I was very disheartened, yet not surprised by the backlash this politician received after her personal disclosure of a termination during her teen years:
The reasons behind my reaction is based in the fact that the issue of terminating a pregnancy has been battleground here in the US (and in other countries as well) for YEARS and will continue to be so. But as this war over women’s rights rages, the one thing that is often lost as policy gets adjusted is the face of who this issue impacts: the woman who is exercising the right to choose.
It is essential to protect that right to choose that a women and as to be supportive of those rights as possible – even if one doesn’t agree with the choice that woman may make.
On the 9-5, working with young people around handling a pregnancy is often the most emotionally taxing part of my job. This is so because deep in your heart you know that once you find out that this was an unintended pregnancy, there will be some emotional residue left over for the women no matter what her decision is going forward.
One classic story I will never forget was an experience a coworker of mine had while working at a Planned Parenthood location. Often times at some of these locations you will have a group of pro life protesters outside those locations, trying to influences clients as they walk into the facility. One day, my coworker saw a client who was pregnant and choice to terminate an unintended pregnancy. A few weeks later, on her way into the clinic as she passed by the usual group of protestors, she recognized one of the faces in the group – it was the same client she has seen who chose to terminate her pregnancy.

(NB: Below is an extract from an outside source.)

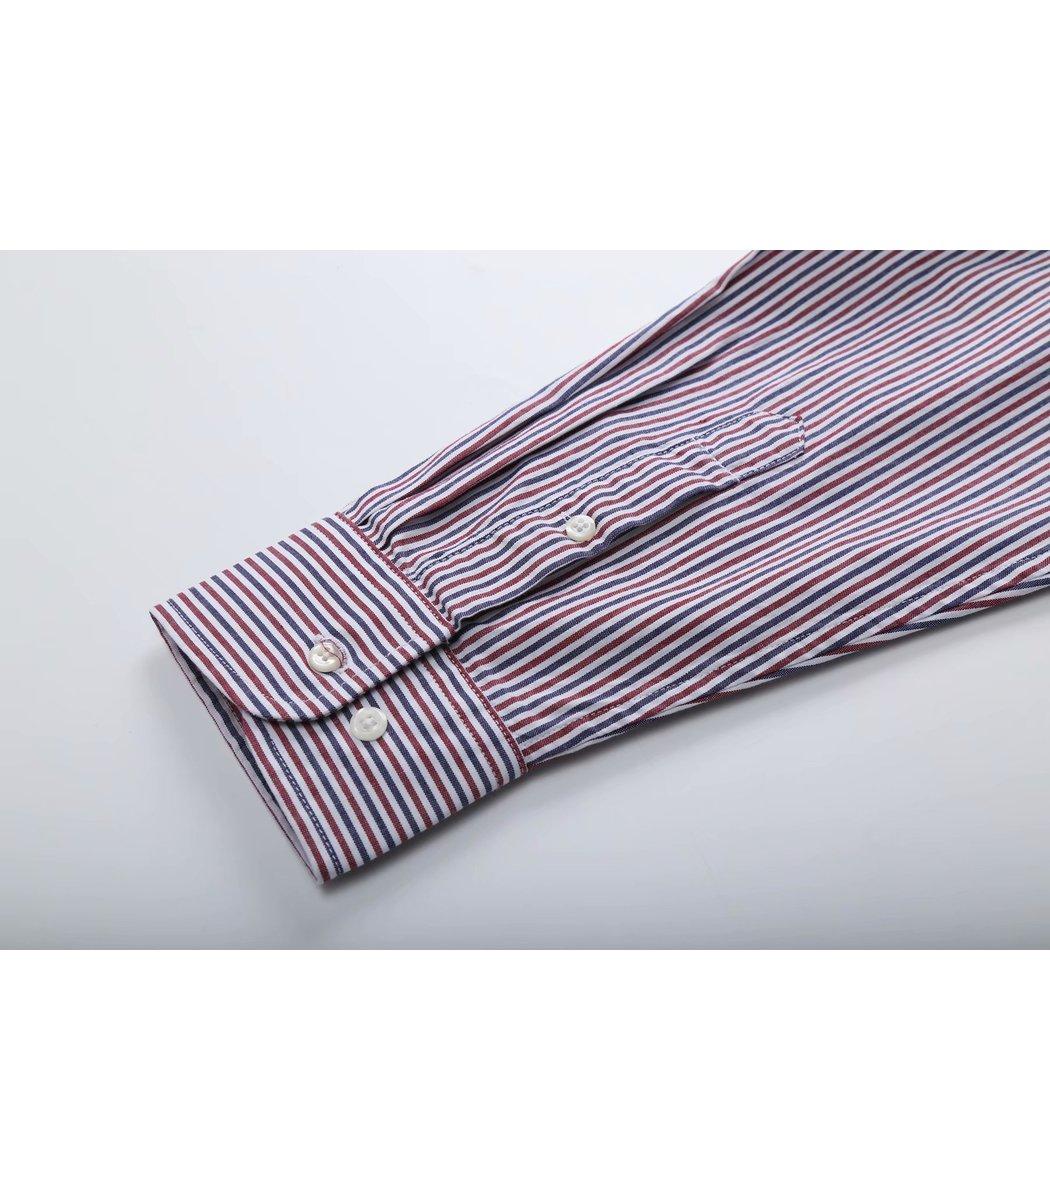 Рубашка POLO Ralph Lauren в полоску мультицвет RR6

It isn’t about the age: it is about the choice that woman has to make. I often tell clients who are facing this decision is that in spite of all the stories you have heard, you have to make what you feel is the best choice for you.
My own personal views on this issue have changed tremendously over the years. I will readily admit that going into this line of work I shared at the beginning some of the haughtiness that many in the general population pointed at to women of all ages facing an unintended pregnancy: “if you had protected yourself in the first place, you wouldn’t be in that situation”. I grew up in a culture where there was – and still is – some stigma around both contraception and terminating pregnancies. Women who “dash weh bellies” were looked on with a similar level of disdain as women who were perceived to be “promiscuous”. Now having done this work long enough, while most of the unintended pregnancies I encounter have common themes, each situation is still unique enough where that broad stroke of judgment has about as use as a rock club in a gun fight. My stance now both professionally and personally is more focused on the issue of preventing pregnancy and being fully supportive of a woman as she exercises her right to choose once she discovers she is pregnant.
It is never solely about the fact that she is pregnant; it is also about how she got to that point and more importantly, what she chooses to do going forward.
Clinicially, there is a whole battery to things to cover with a pregnant client that I cover with once she walks into my office that I won’t get into here. But, what I will say is that the emotional ramifications of the choice she makes going forward are far reaching. There is much fear medically and emotionally as a decision around pregnancy is being made; whether it is a first pregnancy or a 10th pregnancy, those fears are still the same. I often encourage my clients to make a decision that they feel comfortable following through on, and that supportive services are ALWAYS present. For some women who choose a termination, they may need the extra support at any time – even years after the pregnancy in question have been resolved.
I applaud Assemblyman Lucy Flores’ courage in revealing what she went through personally at that time as an example of had she had more access to information in a supportive manner, perhaps she would have chosen to use contraception or not putting herself into behaviors that led to her having to make that choice about that pregnancy. The issue is that many people will blindly see her as poster child for the termination process because of her experience or at the minimum now no longer see her as a policy maker trying to improve women’s rights because she can make the connection from city hall to the woman sitting in her room figuring out her decision.
We shouldn’t lose sight of the courageous decision the Assemblywoman as made twice surrounding this pregnancy: both back then on how to handle it, and now on how to share her experience to drive her policy work in a human yet healthy manner. It is not our business to tell a woman what to choose, but it is our business to be supportive of her choices and her right to choose.